Ok, I have a fios connection so it’s very stable and I had a bunch of traffic and storage on the second day and then it all must have migrated elsewhere. Not really sure what are the warning signs :D. I will be patient and see how it pans out. I allocated 5TB, so hopefully it gets there.

Pac · January 23, 2021, 10:27am

@BrightSilence made a great earning estimator that you could use to have a rough idea on what to expect with a 5TB storage. Just copy their Google sheet to your account, and then fill in your numbers to see how long it could take to fill up 5TB, what is the possible ROI and so on…

Just keep in mind it’s an estimator, no one can really predict how the Tardigrade network is going to evolve

But yeah, as long as you see activity, that your node displays “Online” and that your scores displayed on the dashboard do not drop beyond 95%, you should be okay.

In doubts, don’t hesitate to browse this forum, it has many many known issues already addressed and many cool tools for us SNOs

orangepeelbeef · January 23, 2021, 10:58am

@Pac thanks, good information. Is it fairly easy to expand my storage if I have more? I can expand my LVM’s I just wasn’t sure how this was going to work out or how much to dedicate. The calculator is helpful and I realize just an estimate.

Pac · January 23, 2021, 11:20am

LVM? So one virtual disk for one node I guess?
Having one node per physical disk mitigates risks of losing everything should one disk fail.
Whereas raid solutions (or similar) coud make months of taking care of a large node out the window should the storage medium fail.
On the other hand, if the used raid solution is resilient to data loss, it means it uses more disk space than the actual amount of stored data for redundancy: that lost space could be allocated to Storj for more revenue instead. This has been debated many times on this forum and opinions differ, so… I’ll let you the judge of what suits you best

I’ll just give you my personal opinion then:

I think it would better to have the node running on a physical disk.
Then the best way to expand storage would be to start a new node on a new HDD.
Generally though I would suggest to let time for one first node to get descent amount of data before starting any other large node, and wait for it to be nearly full which is probably going to take close to 8 to 10 months anyway with your 5TB.
Then, when it is nearly full (say 90% full), you may start a new one on another disk for expanding storage dedicated to Tardigrade.

And so on.

orangepeelbeef · January 24, 2021, 12:35am

it’s LVM on top of a raid6 in a 22 bay NAS. I just use LVM so i can slice up the underlying array and not dedicate the entirety to one project. When one need goes away I can resize the partitions.

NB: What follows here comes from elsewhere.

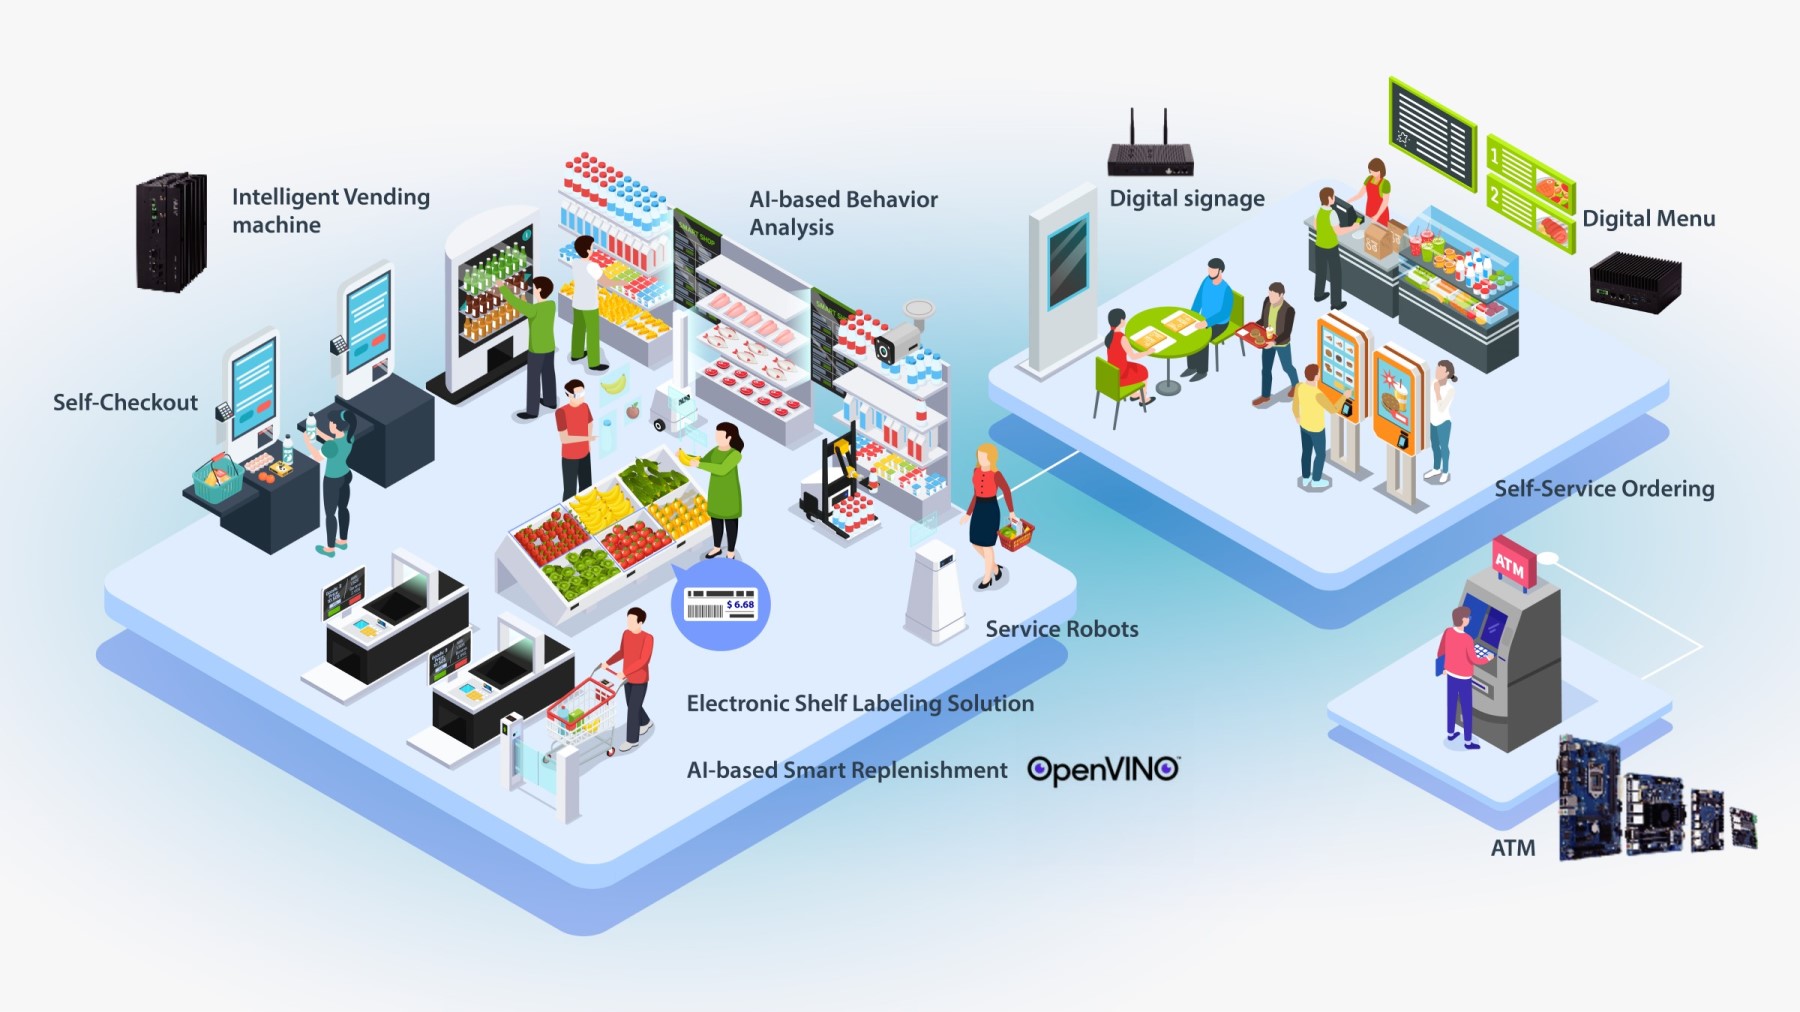 ASUS IoT smart retail scenario contains AI application in supermarket, restaurant and ATM.
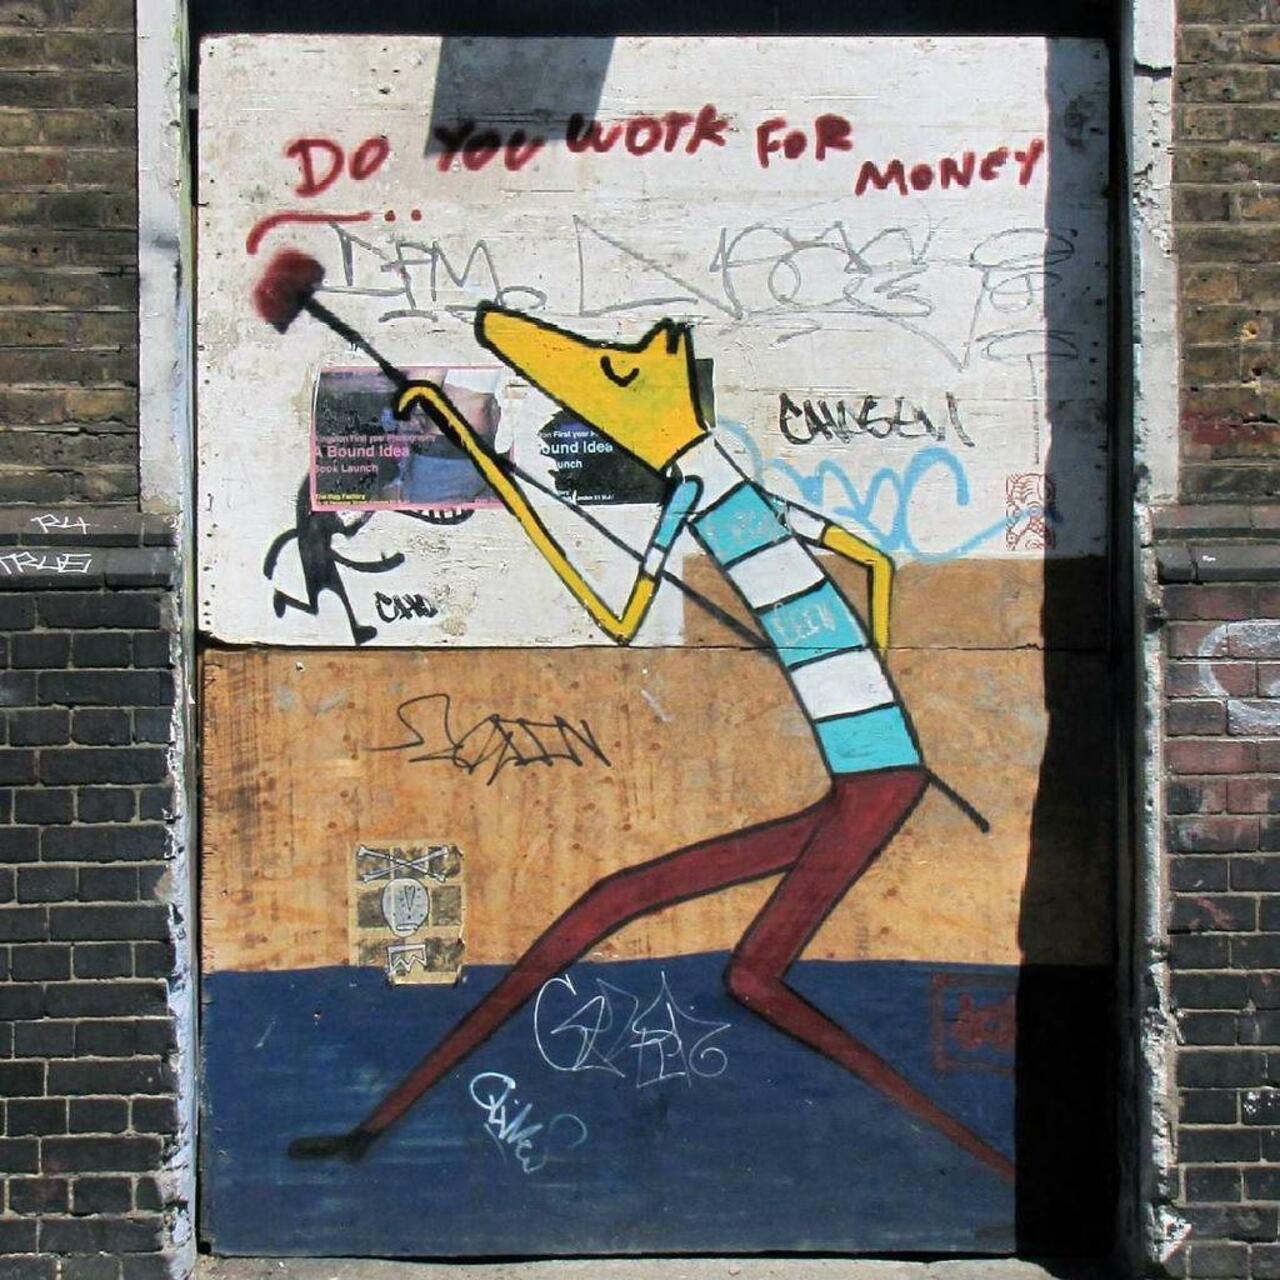 #streetart #graffiti #shoreditch #london #wallart #urbanart #bricklane #spraycan #spraycanart #art #street #selor #… http://t.co/WbicX3mok9

Alexey · January 24, 2021, 4:28am

Not the best solution for storagenode. It will have a concurrent requests for storage with other stuff.
I expect that your node would have a lot of canceled requests because it will loose the race for pieces to other nodes with more fast storage.
You can use this script to have an idea:

Also, keep in mind - the NFS and SMB are not supported, your node will have problems with the storage sooner or later. The smallest from the problems is broken or unavailable databases (empty dashboard as result).
See Topics tagged nfs and Topics tagged smb

orangepeelbeef · January 24, 2021, 5:01am

It’s not over NFS, though i do provide NFS shares for other partitions of data. It’s a linux host with an areca ARC-1284Ml-24MM full of 4TB disks. I have storj node running in a docker container on the host with a bind to the local drive mount.